Sean Sweany | Wednesday, September 20, 2006
They are everywhere. From college campuses to city streets to airports around America, the distinctive white earbud cords of the iPod dangle from ears spanning nearly every age and background. Whether connected to a Mini, Nano, Shuffle, Video or just an old-school, first generation iPod, these little white cords show that Apple’s mp3 player has taken over the world.
The quest for portable, personal music has consumed society since the days of Sony’s Walkman and Discman. The spread of these portable tape and CD players in the 1970s and 1980s revolutionized the music industry and made entertainment as attainable a commodity as magazines or radio.
The advent of digital technology led to the creation of the first mp3 players in the late 1990s. These were downright bulky and unattractive by today’s standards. Thanks to further technological advances, the market was ripe for the taking if a player with the right look and advertising came along.

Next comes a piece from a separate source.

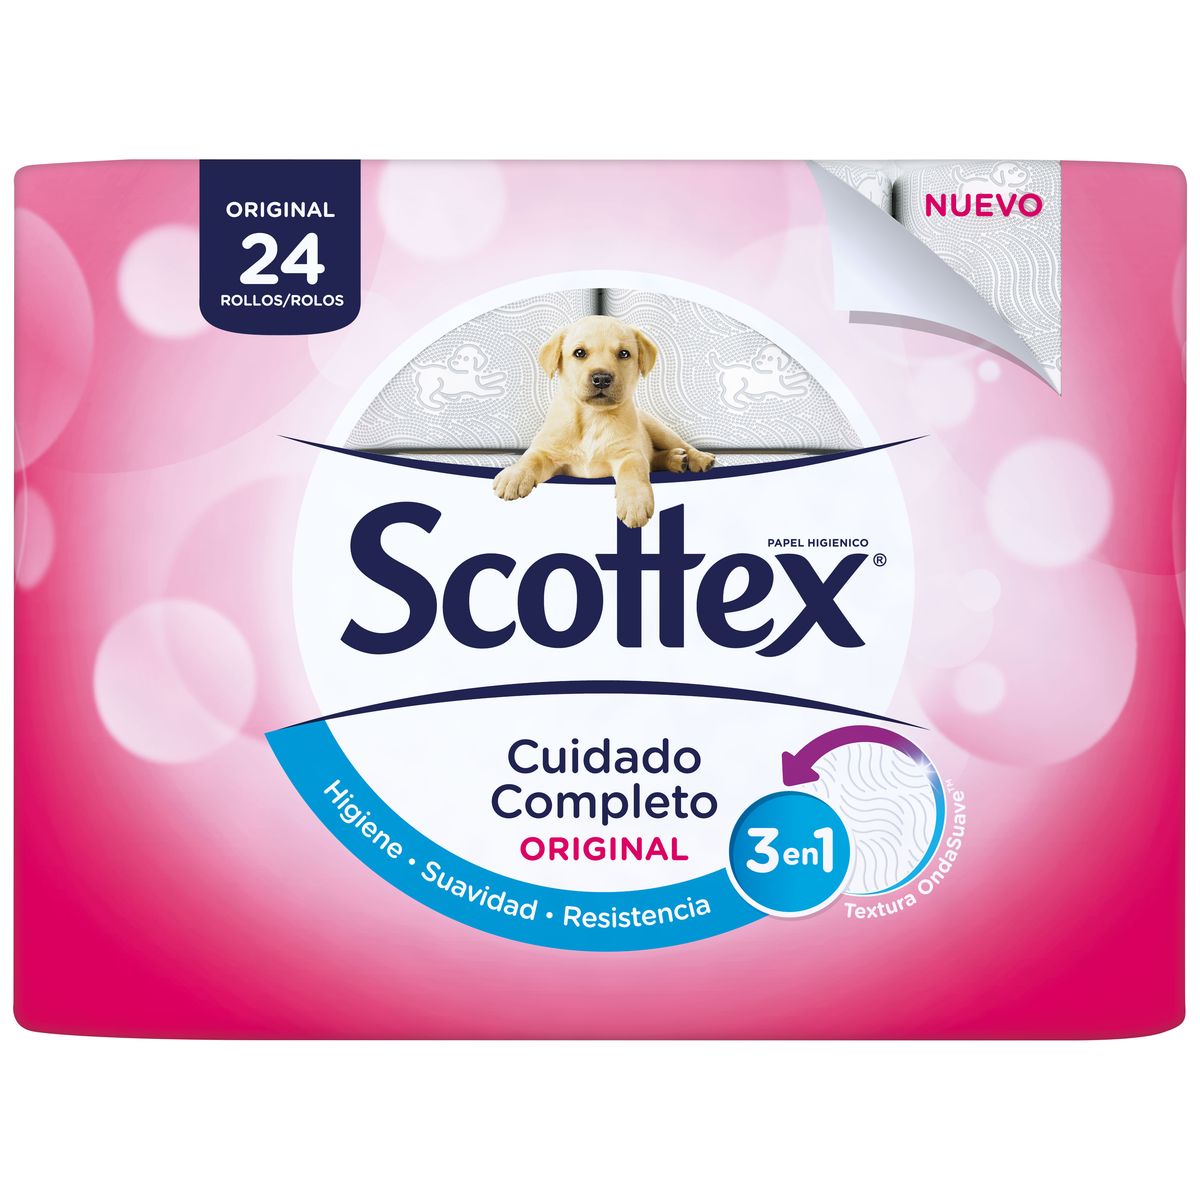 Scottex saca un papel higiénico con mensajes de ánimo para los estreñidos
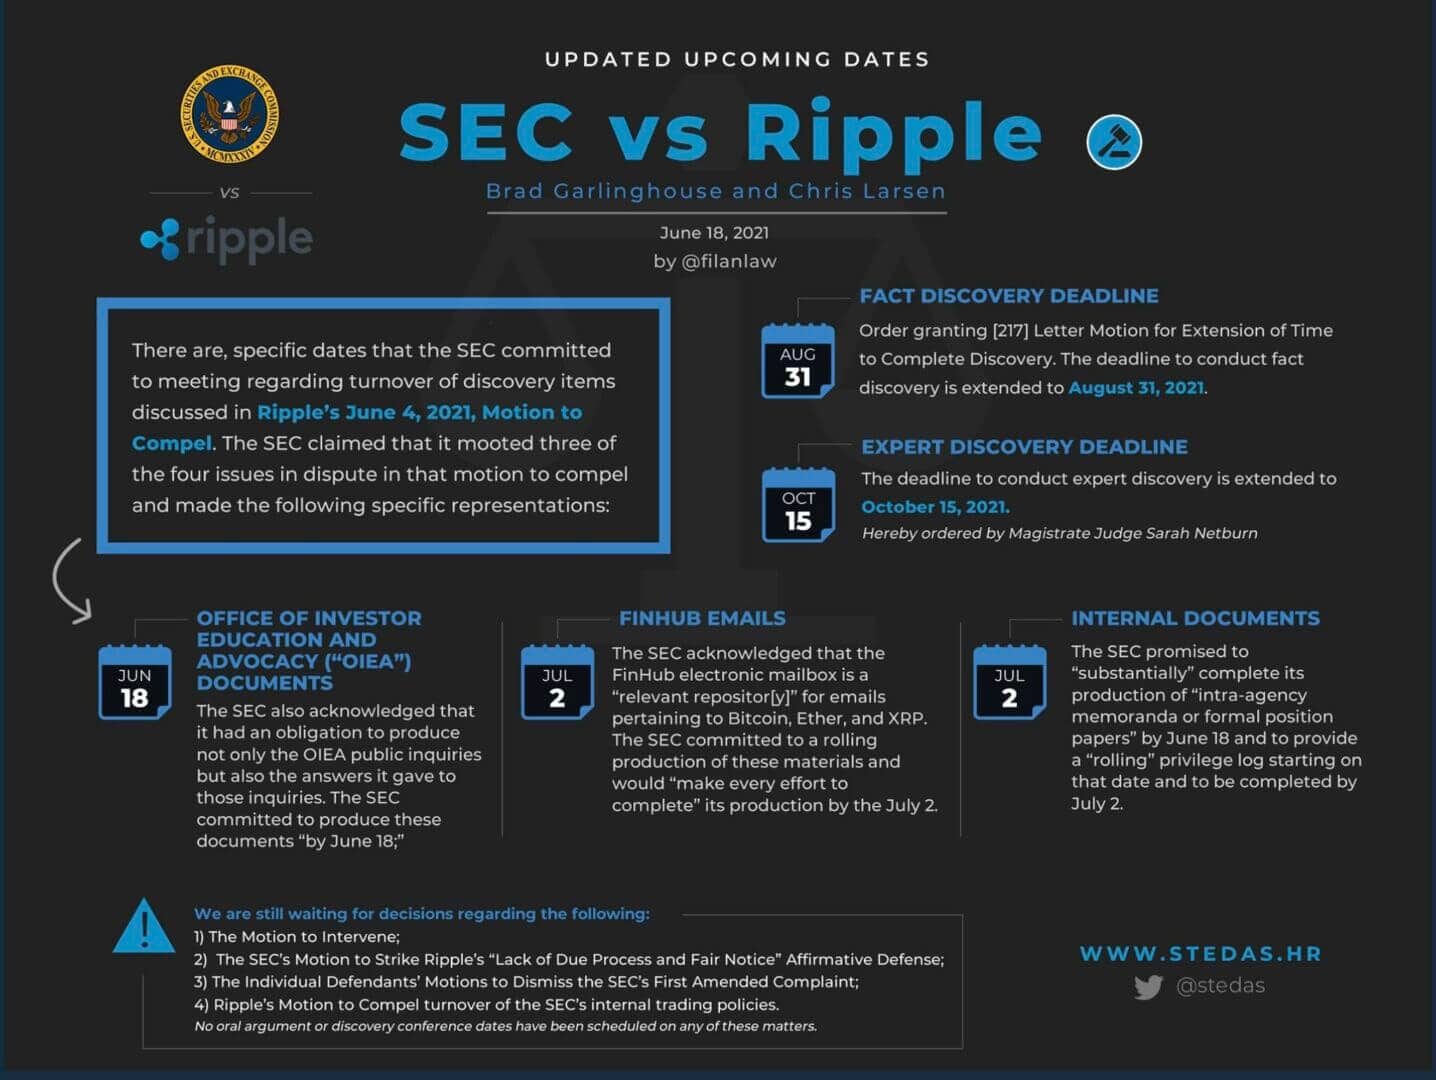 Étapes clés à venir de l'affaire Ripple vs SEC dont la phase de découverte des fait a été entendue jusqu'à août 2021.

Enter Apple’s iPod. The iPod began as a project intended to integrate Apple into the market of digital consumer devices. It was developed and designed by Tony Fadell as a portable hard drive capable of playing mp3 music files. He sold his idea to Apple in February 2001 and the first 5 GB, 1000 song iPods became available to the public in October 2001.
From the start, Apple made its mp3 players compatible with its media player, iTunes. In doing this, the company guaranteed a large consumer base for iTunes, which it hoped to develop into a major portal for legally downloading music for iPod play.
By the end of 2002, the second generation of iPods was in stores and featured dramatic improvements over the previous version. Not only was capacity doubled, but also the look and interactivity of the player had been streamlined. In 2004, Apple revolutionized what had become its own market with the introduction of the iPod mini.
An even smaller version of the already tiny iPod, the iPod mini featured a sleeker design, custom colors, longer battery life and cheaper prices. Further miniaturizations led to the iPod nano and the iPod shuffle, even smaller players intended to reach niche markets.
Apple’s designers at the same time refused to let their flagship, the regular iPod, be outdone. Utilization of flash memory in 2004 gave the iPod no moving parts, meaning that the player can be shaken or dropped to a certain extent without causing serious damage.
Also in 2004, Apple redefined the market yet again by including a video screen on all iPods. Thanks to a storage size of 60 GB, this meant that full length movies or television shows could be downloaded and viewed on the go. The unveiling this fall of the fifth generation, 80 GB iPod represents the latest improvement in technology and promises to bring a change to how the world watches entertainment.
The iPod’s success is due in large part to the clever advertising developed by Apple. The “silhouette commercials,” which depict black silhouettes of people dancing with their white iPods and earbuds, have been a staple since the player’s launch. Additionally, they gave Apple the opportunity to promote artists on downloadable on iTunes such as Eminem, The Gorillaz and U2. This smart advertising led to the distinctive white earbuds becoming a symbol of status in many countries around the world.
Even though the iPod controls 80 percent of the mp3 player market, competitors do exist. Many companies including Sony, Dell, Samsung and Rio have all tried emulations of the iPod with varying degrees of success. Microsoft recently announced its own mp3 player, Zune, in an attempt to break Apple’s stranglehold on the market, but only time will tell whether Microsoft can compete with Apple.
Until then, Apple stands at the forefront of the mp3 player market with its wildly popular and successful iPod. Over the course of several years, the iPod has improved a great deal and branched out into other realms with the Nano and the Shuffle. The iPod has revolutionized the way our culture entertains itself. With technology becoming more sophisticated and improving almost daily, one can only wonder what new and exciting revolutions the iPod will bring next.